Jeremy thank you SO much! I loved reading your upbeat article. I have also moved from PV (1998) to early MF. Like you, this caused me a lot of mental anguish in the beginning. Then I decided…ya’ know this is a continuum and I knew it was coming so I am no different today than I was yesterday. I had my very first BMB in November and my fibrosis is 1 with no blasts or other ugly stuff so I was pleased. Like you, my only problem was my increasing spleen which in December was 21 cm. I realized that it simply could not continue to increase in size. I am thrilled to say that I am on a Jak1 trial by Incyte. This drug decreases the spleen without any reduction in counts! My spleen is now down to about 15 cm after only being on the drug since Dec. 10. I have not had a single side effect from this drug. I go to University of Michigan. I feel awesome, no fatigue, no nothing but I have never had fatigue…I think the daily exercise has a lot to do with that. I never ran long distances or did crunches and we only ride our bikes 25 miles at a time, but I can still do everything I always did every day at the gym and in my life which includes walking our dogs 1.5 miles every day before going to the gym. For the first time in years my left side dips in and I have a waist that looks just like the right side!! Yippee!.

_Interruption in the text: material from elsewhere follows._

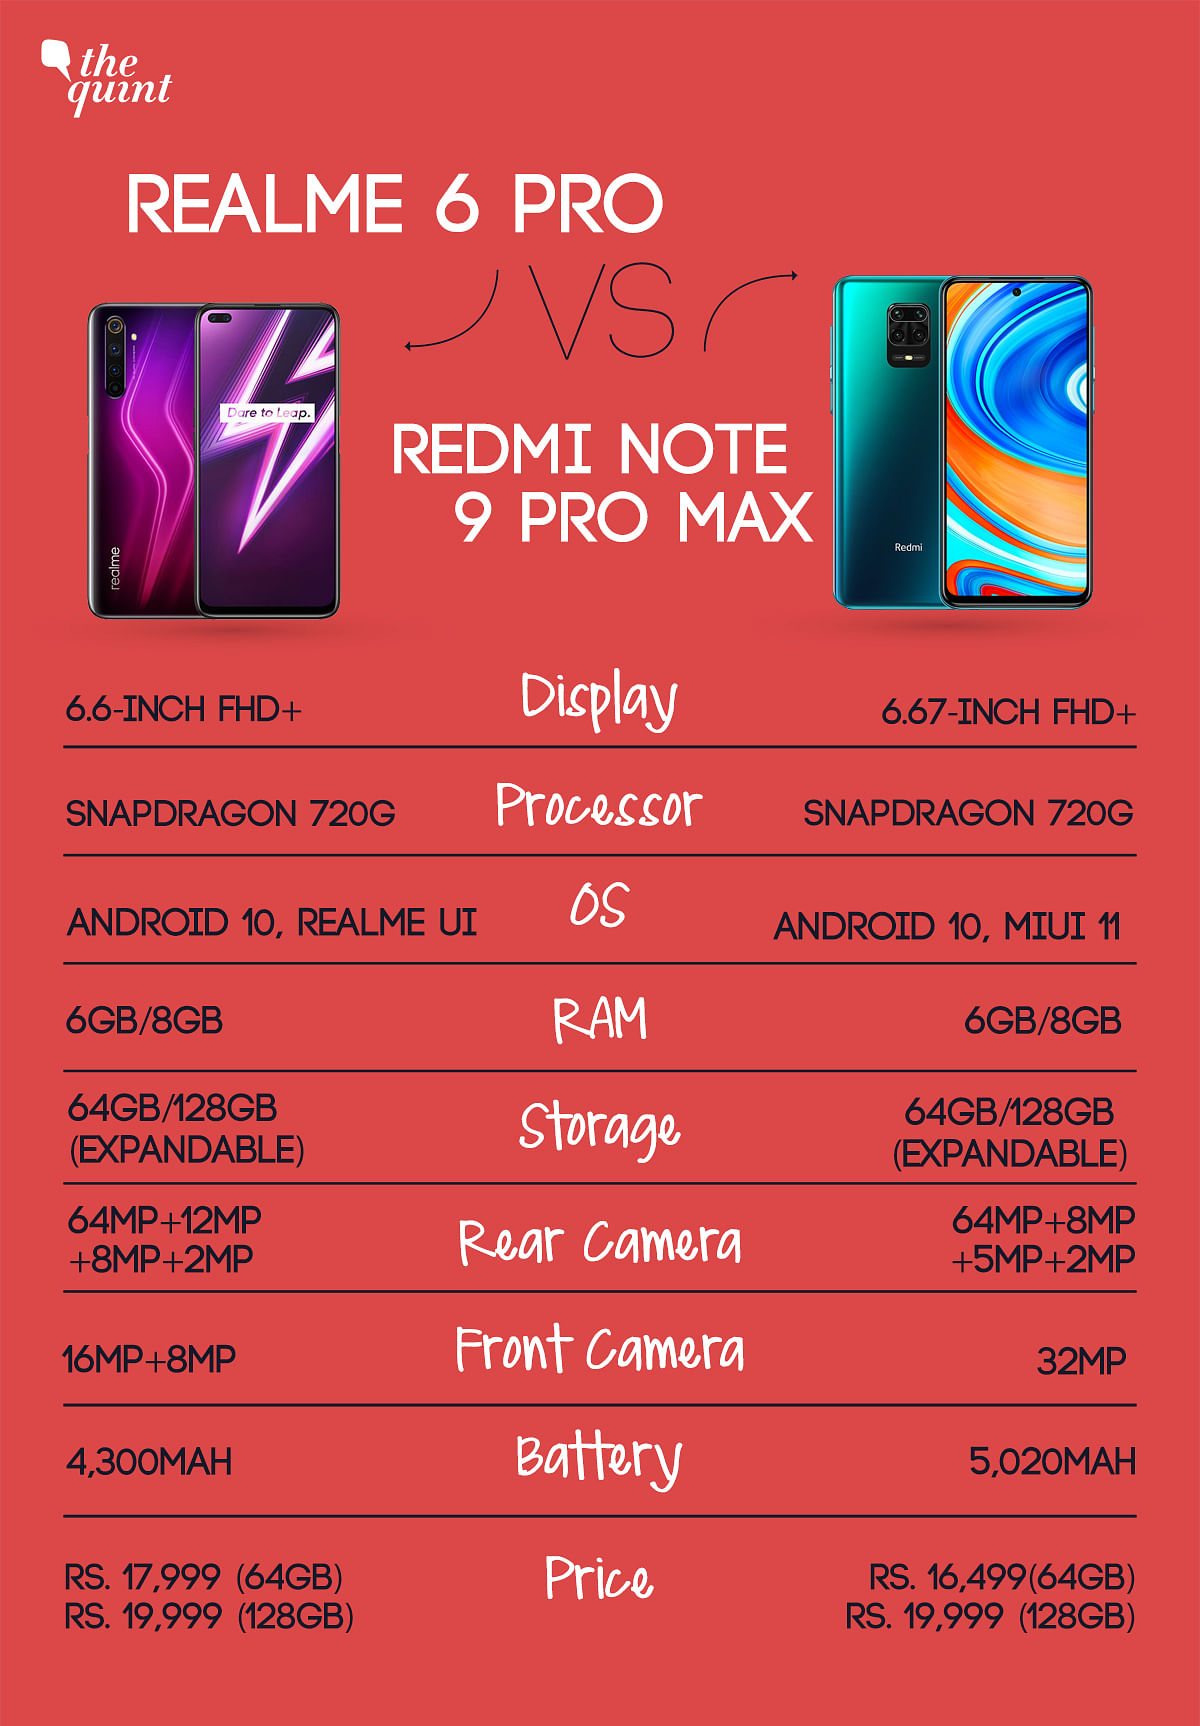 The Redmi Note 9 Pro Max comes with a bigger battery in this comparison.

Thank you Kathy. One of things I never say is cant. We can accomplish anything. I enjoy the PEG more than the Hydrea.
So glad that you shared your spleen with us. That shows an incredible amount of trust. :-)

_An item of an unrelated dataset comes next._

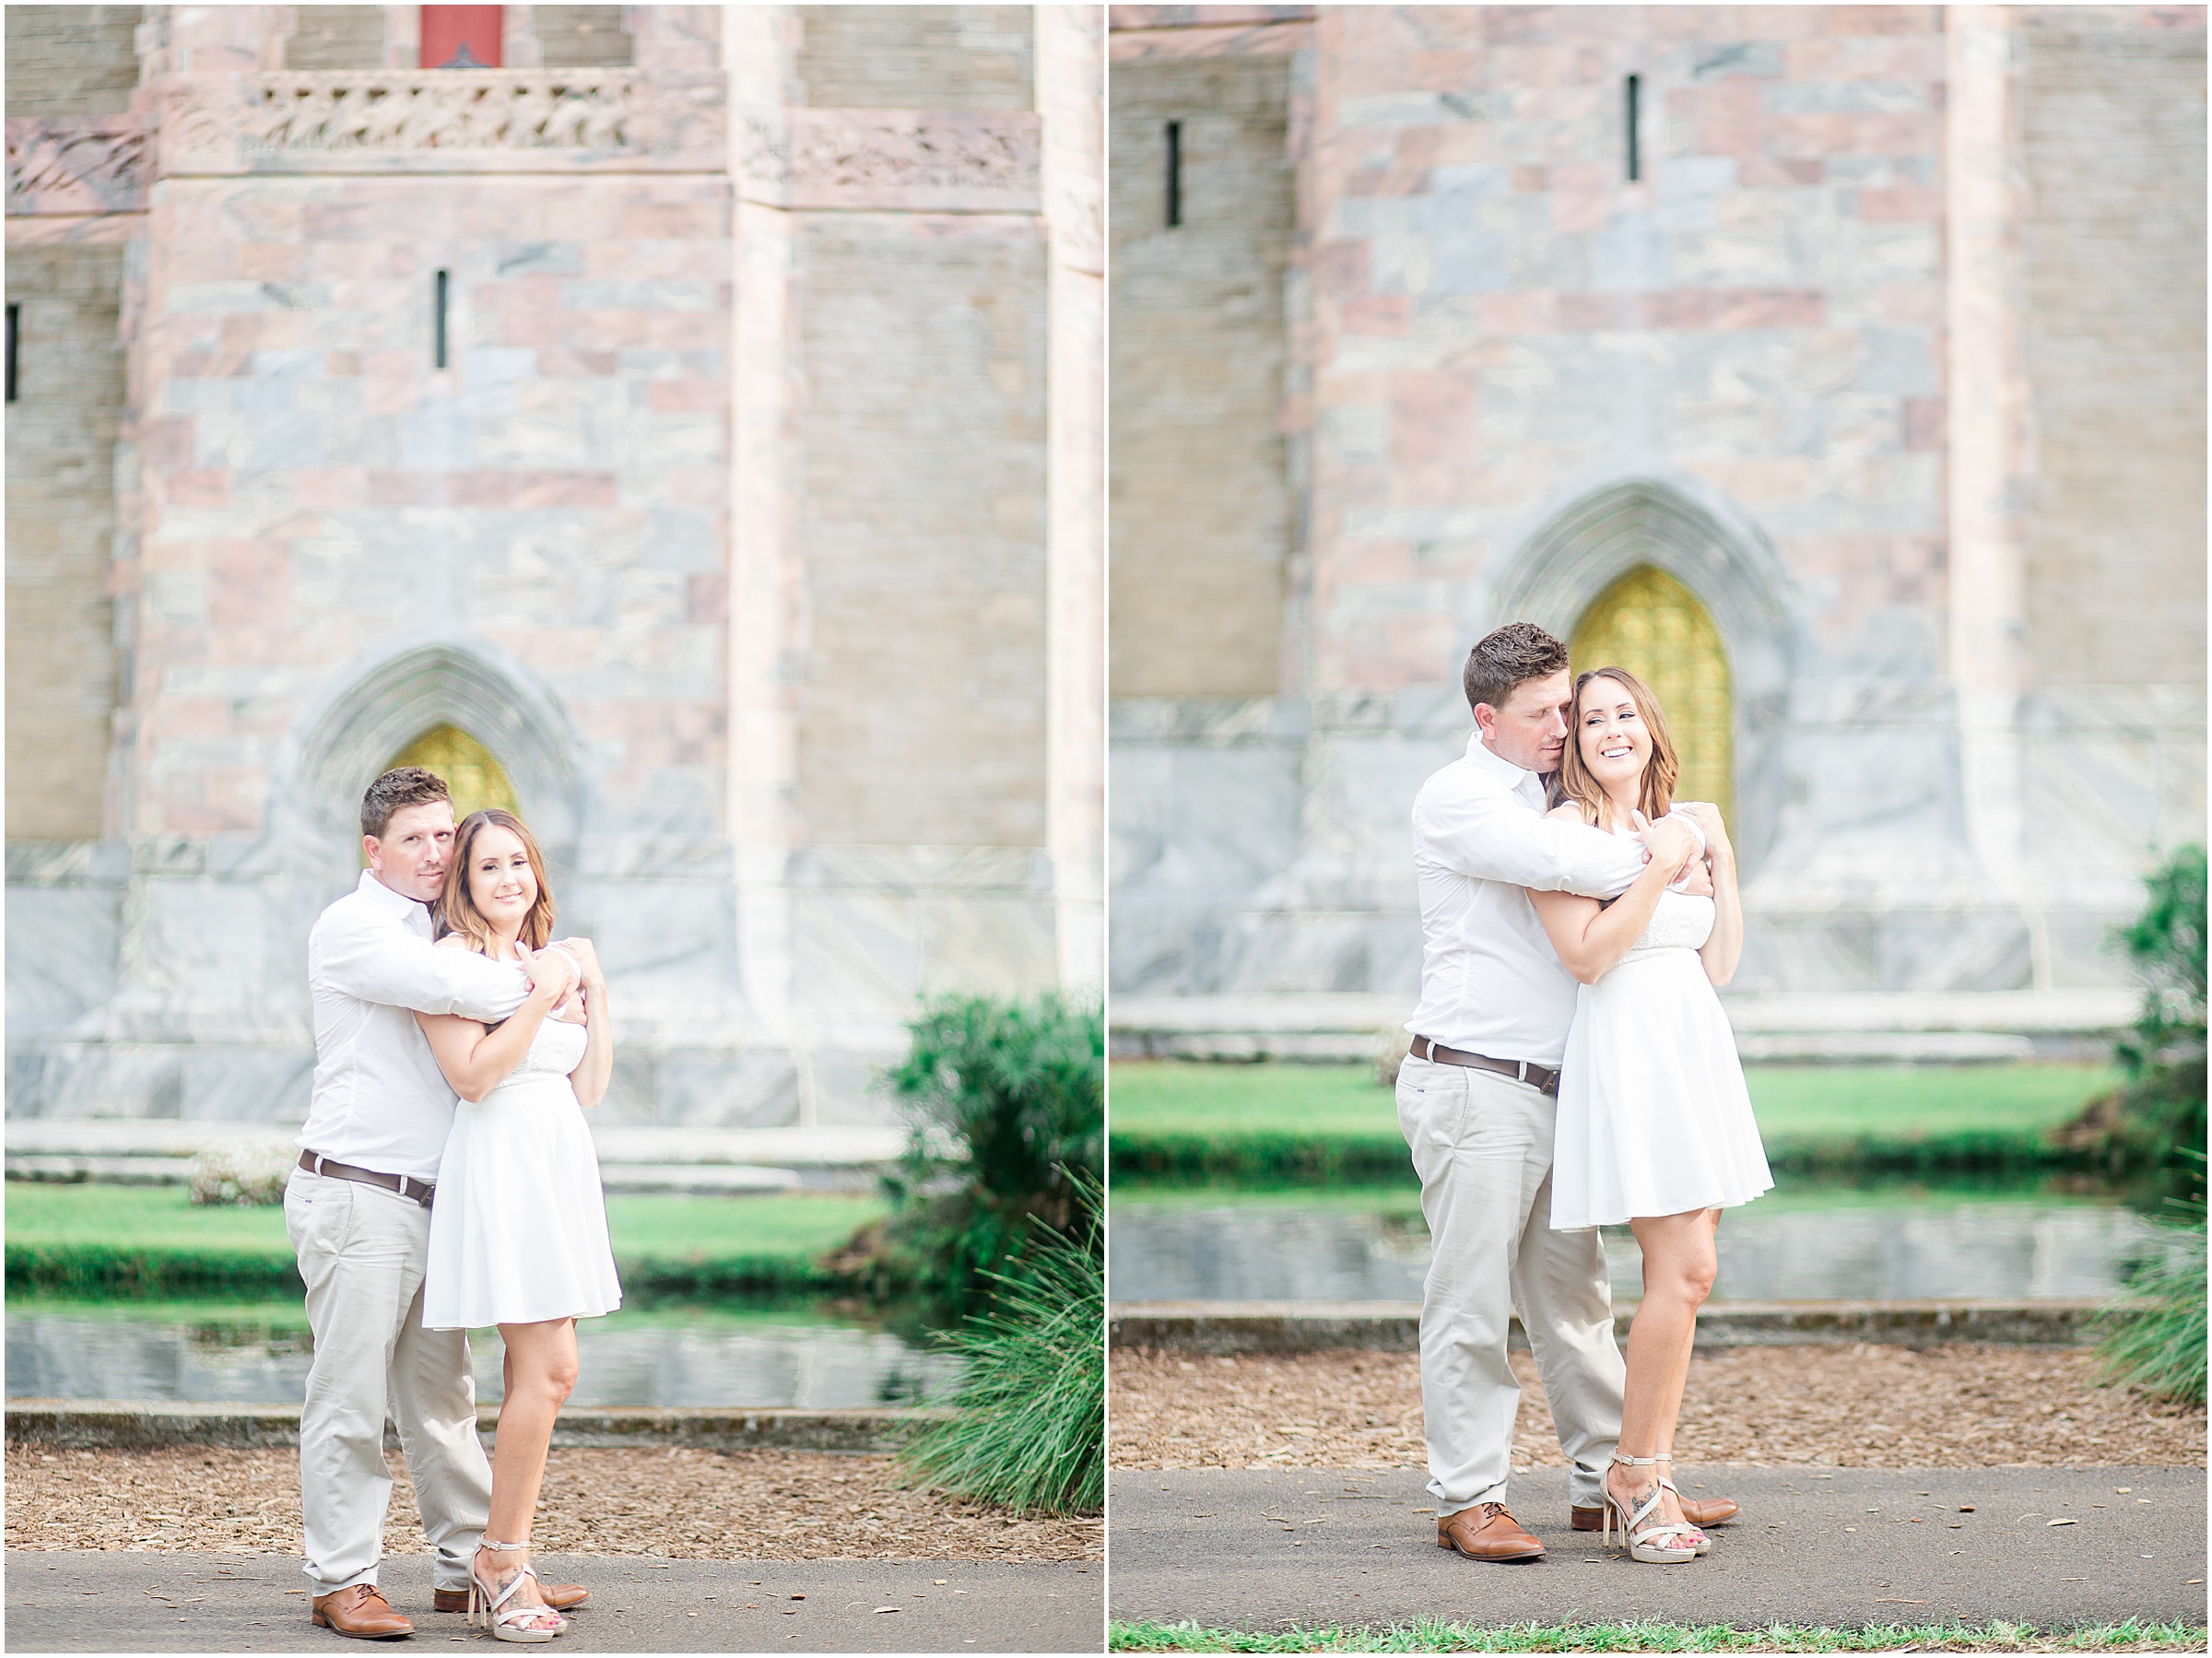 Jessica & Brad, newly engaged, at Bok Tower Gardens in Lake Wales, Florida.

As you know, I still have PV (or so I think) but was lucky enough to convince my insurance co. to pay for Pegasys. Am unable to take HU and I believe the Peg came just in time. Can’t approach your exercise level but am so pleased that you were able to wrap your mind and spirit around your new dx. Peace……………
Jeremy, What exquisite descriptions. I almost reached up to wipe the sweat from my brow from the shear effort of the ride. It’s interesting to know that there are specific exercise restrictions related to the type of MPN you have. My son who is in the Army doesn’t do sit-ups or run so his PT has been modified from that of the unaffected soldier. Since many hematologists seem to not be particularly familiar with many specifics of MPNs, do you think they would be prepared to counsel their patients on specific exercise limitations or modifications?

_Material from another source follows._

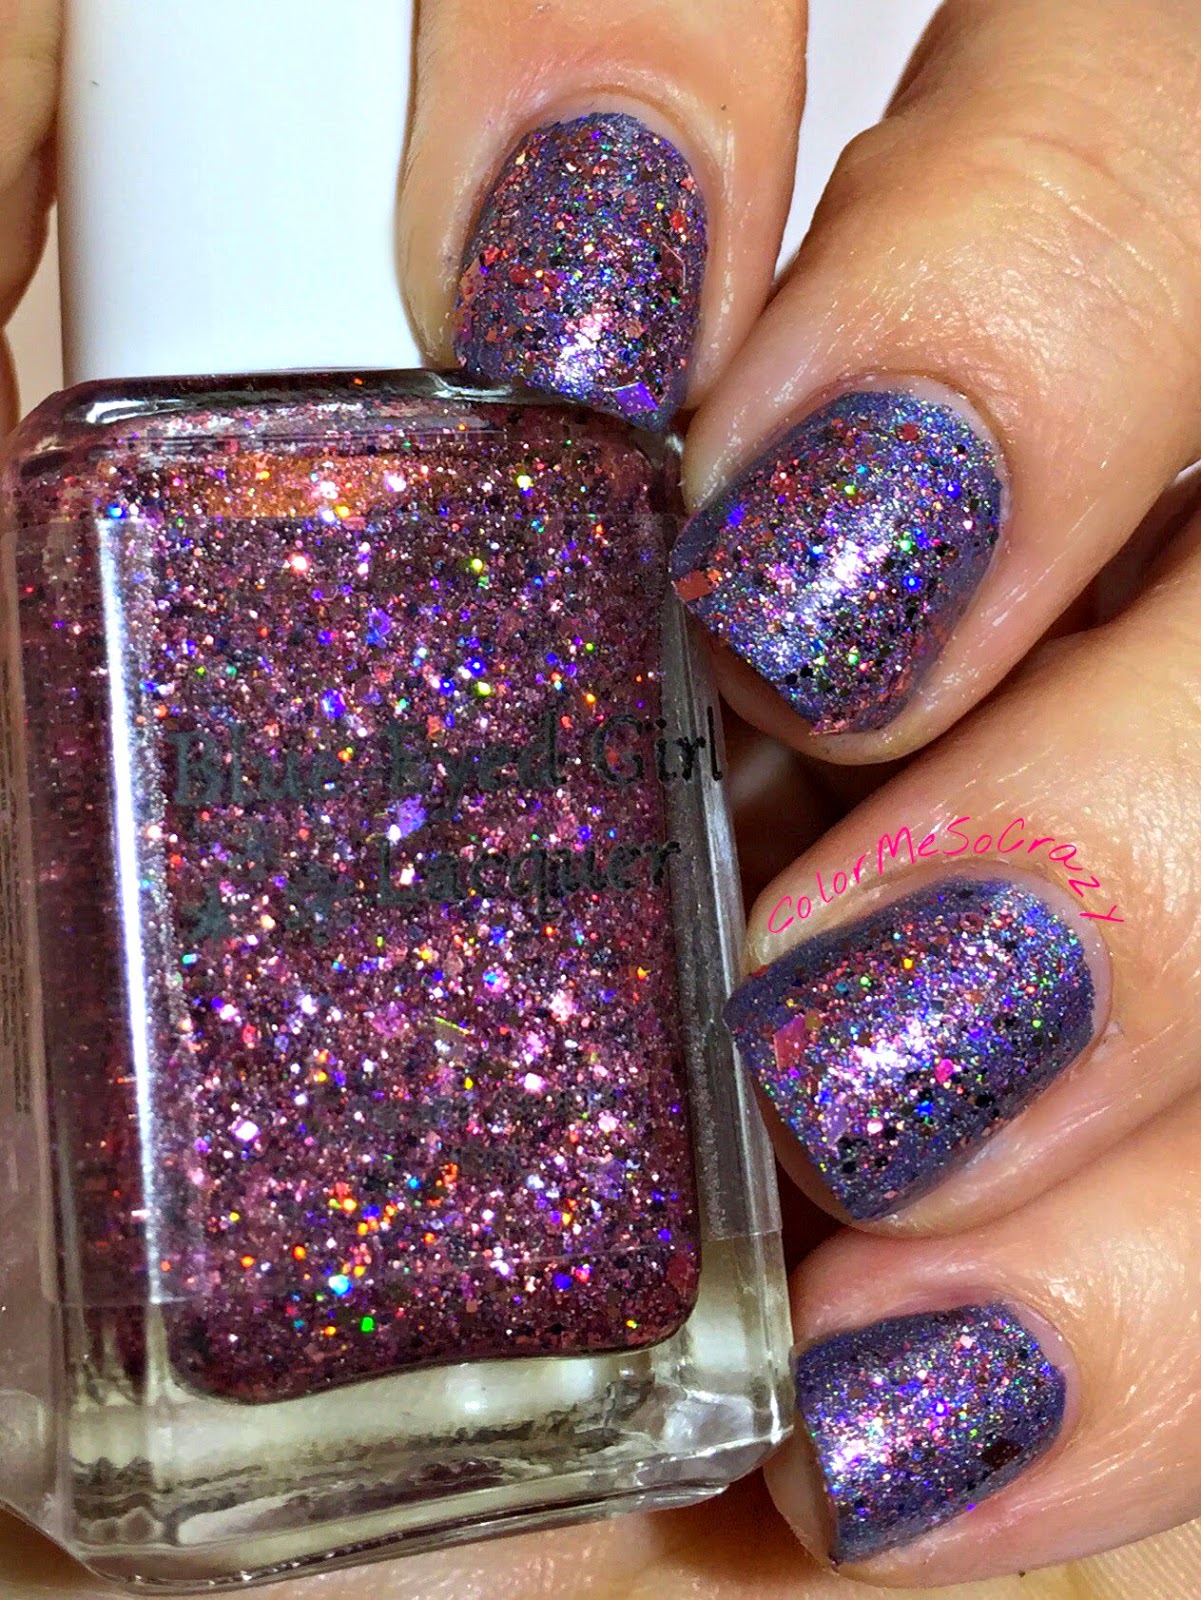 begl, blue eyed girl lacquer, nail polish, pink, spark in the dark, Couting down until I see you, pink glitter indie polish, hypothermia

Thank you. Glad you enjoyed my article.
Most MPN Specialists or other Doctors do not understand the importance of exercising with an MPN because they do not train in school for this and since so many MPN Patients are generally well over sixty they let it go. I believe ten years from now this will change but it will take time and more evidence to prove exercising with an MPN is not just something you should do but must do. With that said Dr. Silver is the only specialist I have met with that advised me about changing my exercise routine to accommodate my increased spleen size, which I did not have deal with when I had PV but with MF now its very different. Had I not been given this advice I would have continued down my path and possibly damaged my spleen. TO be honest with you I do not believe most Doctors or specialists really care about exercise and how it can eliminate fatigue because so many of them do not even acknowledge patients who have fatigue. I will write more about the specifics of exercise either next month or the following month.
Can’t believe that hugh wave and your board hitting you on the head, ouch. Thank you for your article, it just may get me off the couch.
Thank you for taking the time to read my column. Please take the time to consider exercising and remember its something you should do the rest of your life. Once you start seeing the results you will wonder why you did not start earlier.